On the other hand, the Kuhnian understanding of science can fit under a therapeutic conception of analytic thinking. Insofar as as the shift in scientific paradigms are determined by the failure of previous paradigms to address specific problems and questions, the processes of scientific reasoning by scientific communities that leads to to shifts in paradigms can be understood as the truth-therapeutic functions of analytic thinking, challenging and dispelling the old paradigms and their errors with a new paradigm that has been enabled by the cognitive openness to new understandings that analytic thinking was instrumental inculcating.
This brief foray into the philosophy of science is meant to demonstrate the explanatory value of analytic thinking as truth-therapy, allowing us to incorporate some of the insights of the positivists, Popper, and Kuhn in a relatively coherent account, while whisking away some of the more problematic accounts of the positivists and Kuhn.

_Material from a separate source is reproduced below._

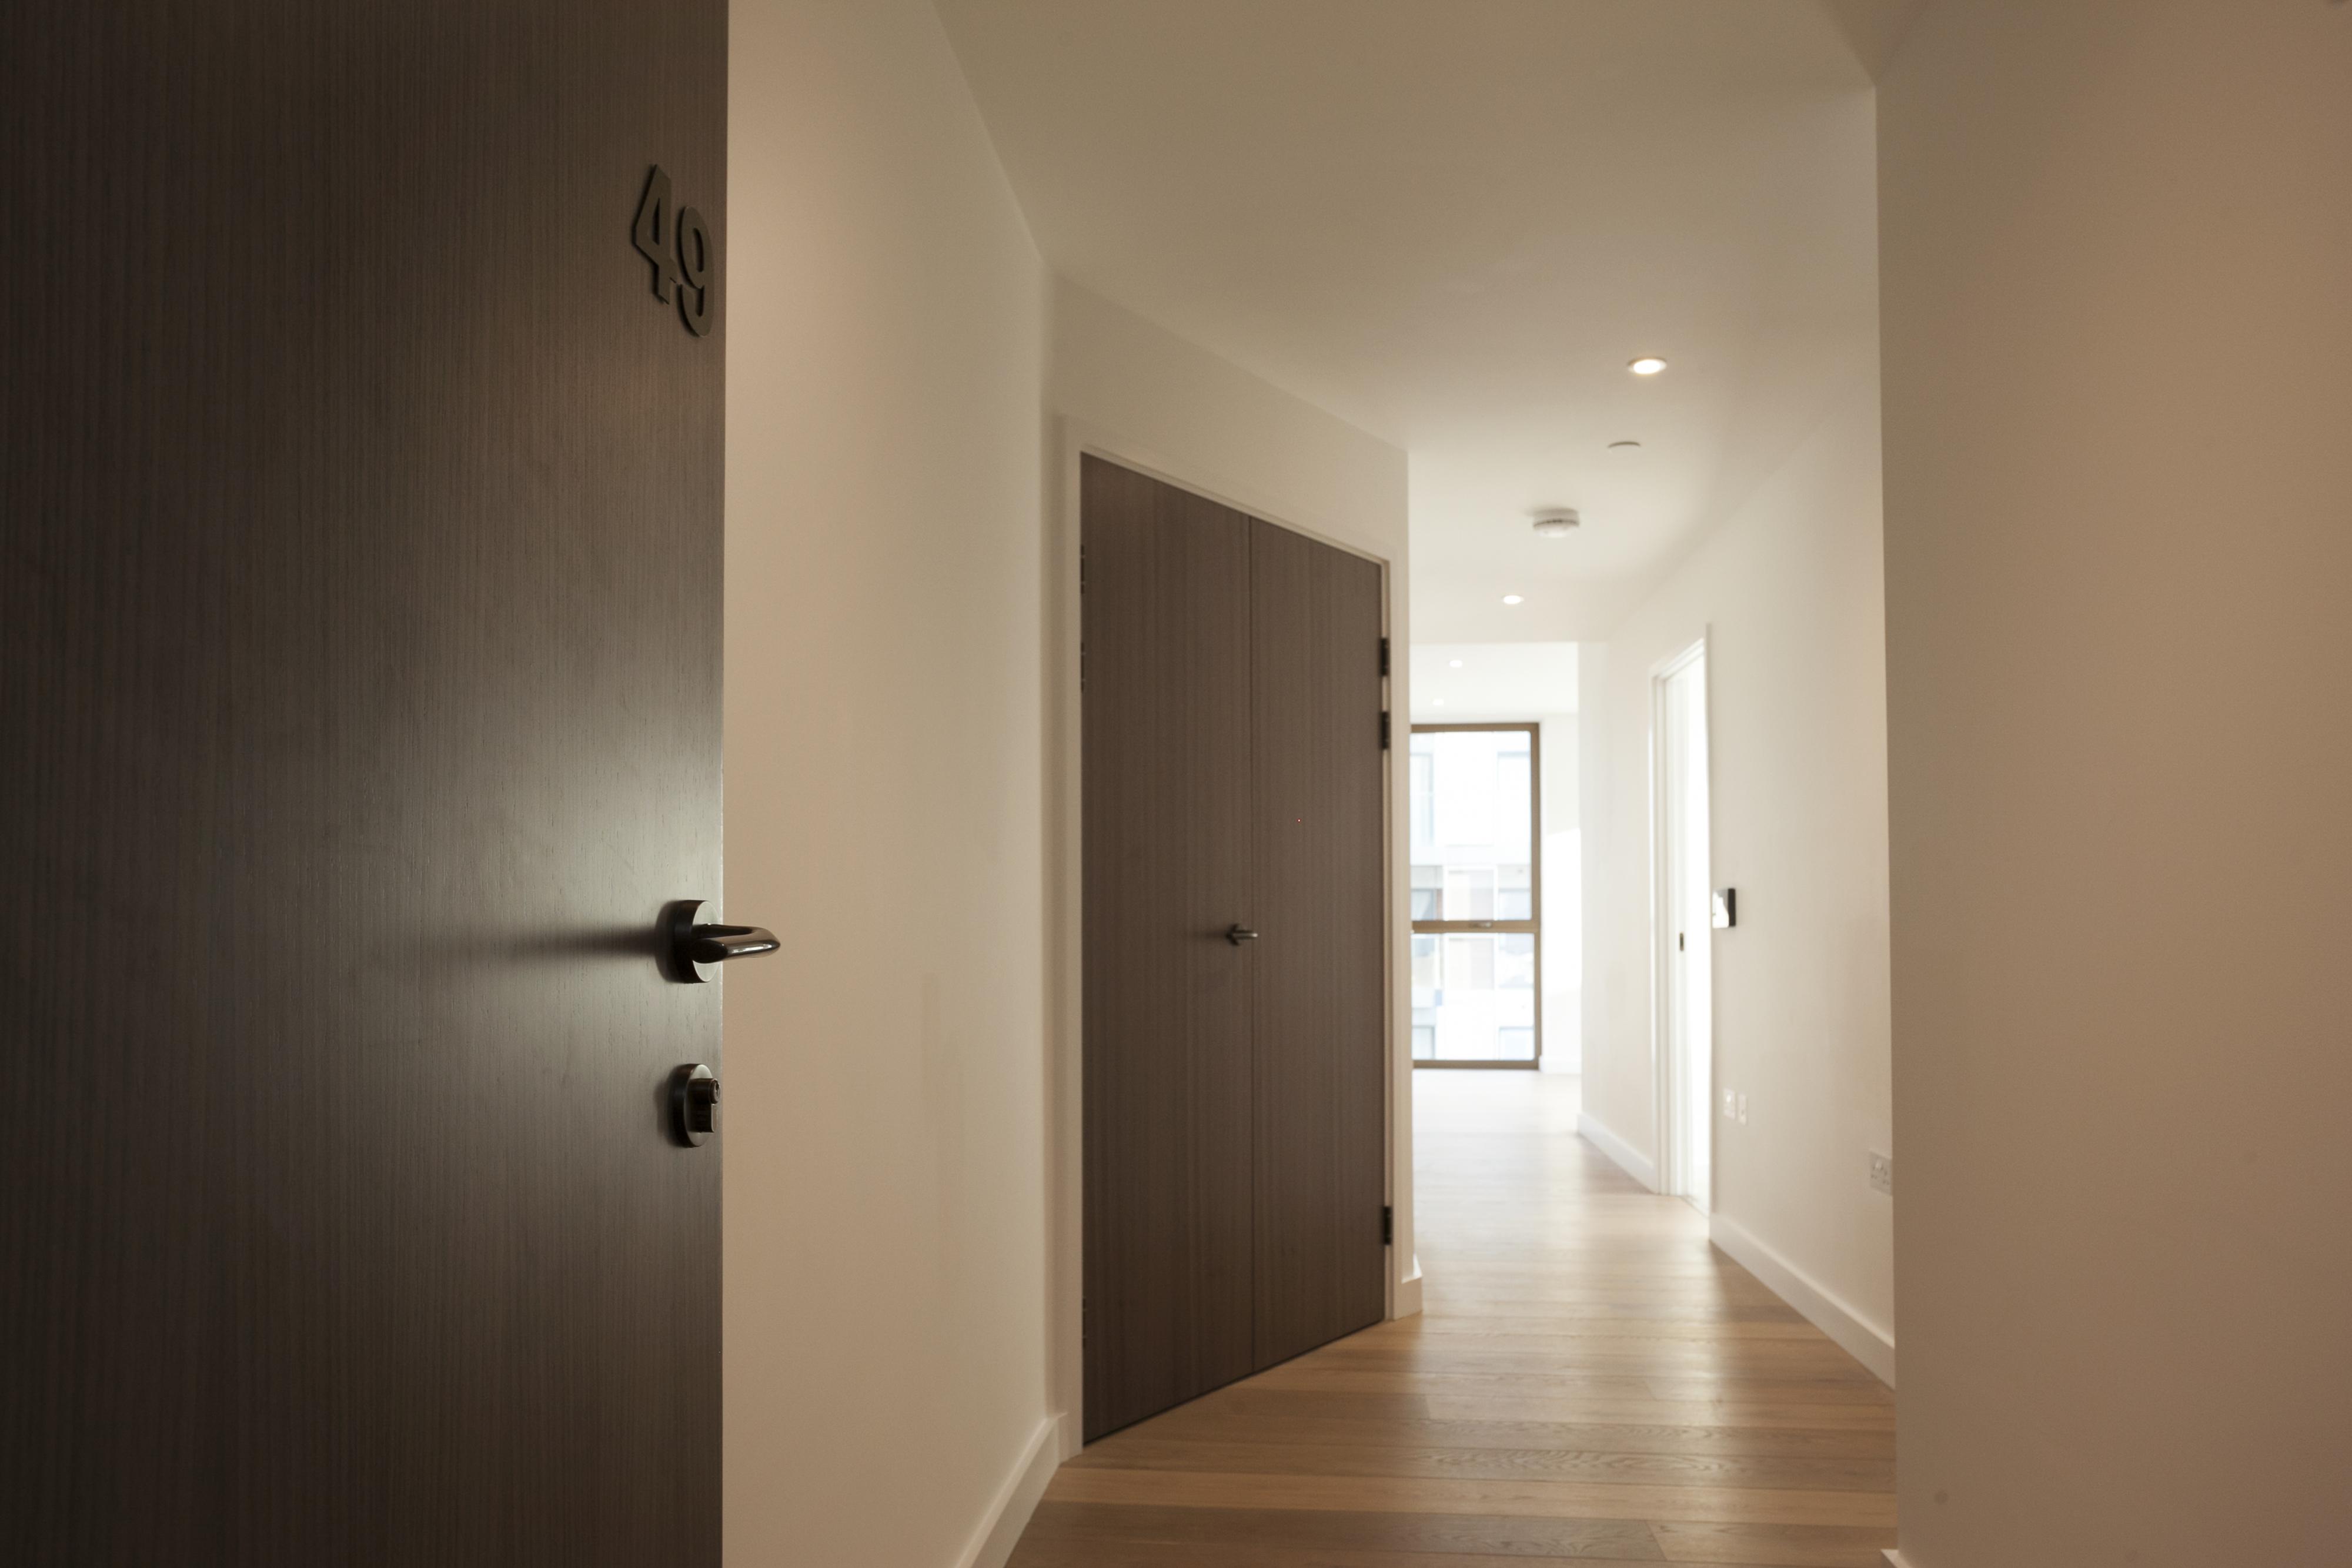 Stained Doors with Integra Living Ironmongery

How then would analytic thinking as truth-therapy change our intellectual atmosphere? On the one hand, it would cast down the arrogance of Enlightenment and its child of modernity that suggested reason was a fountain of progress towards truth. While it certainly instrumental in coming to an account of truth, the skills of critical reasoning do not themselves ensure that we have the truth but that we can be receptive to what is true in virtue of analytic thinking. However, we still need to have epistemic access to the truth that happens independent of whether we are thinking analytically or not. On the other hand, it would cast down the high-octane skepticism of reason in post-modernity, recognizing that there is a real value to analytic thinking that is instrumental in providing truth, even as it does not provide truth directly.
Another benefit that comes in theologically is this: the acquisition of religious truth about God is conditioned upon God’s gracious intiative to make Himself know to us, although there is still a role for analytic thinking in Christian faith for healing our personal faith and theologies from the errors that otherwise hinder our recognition and comprehension of God. Human reason doesn’t lead us to directly know God, but it can help correct us of many of our own errors when God makes Himself known to us.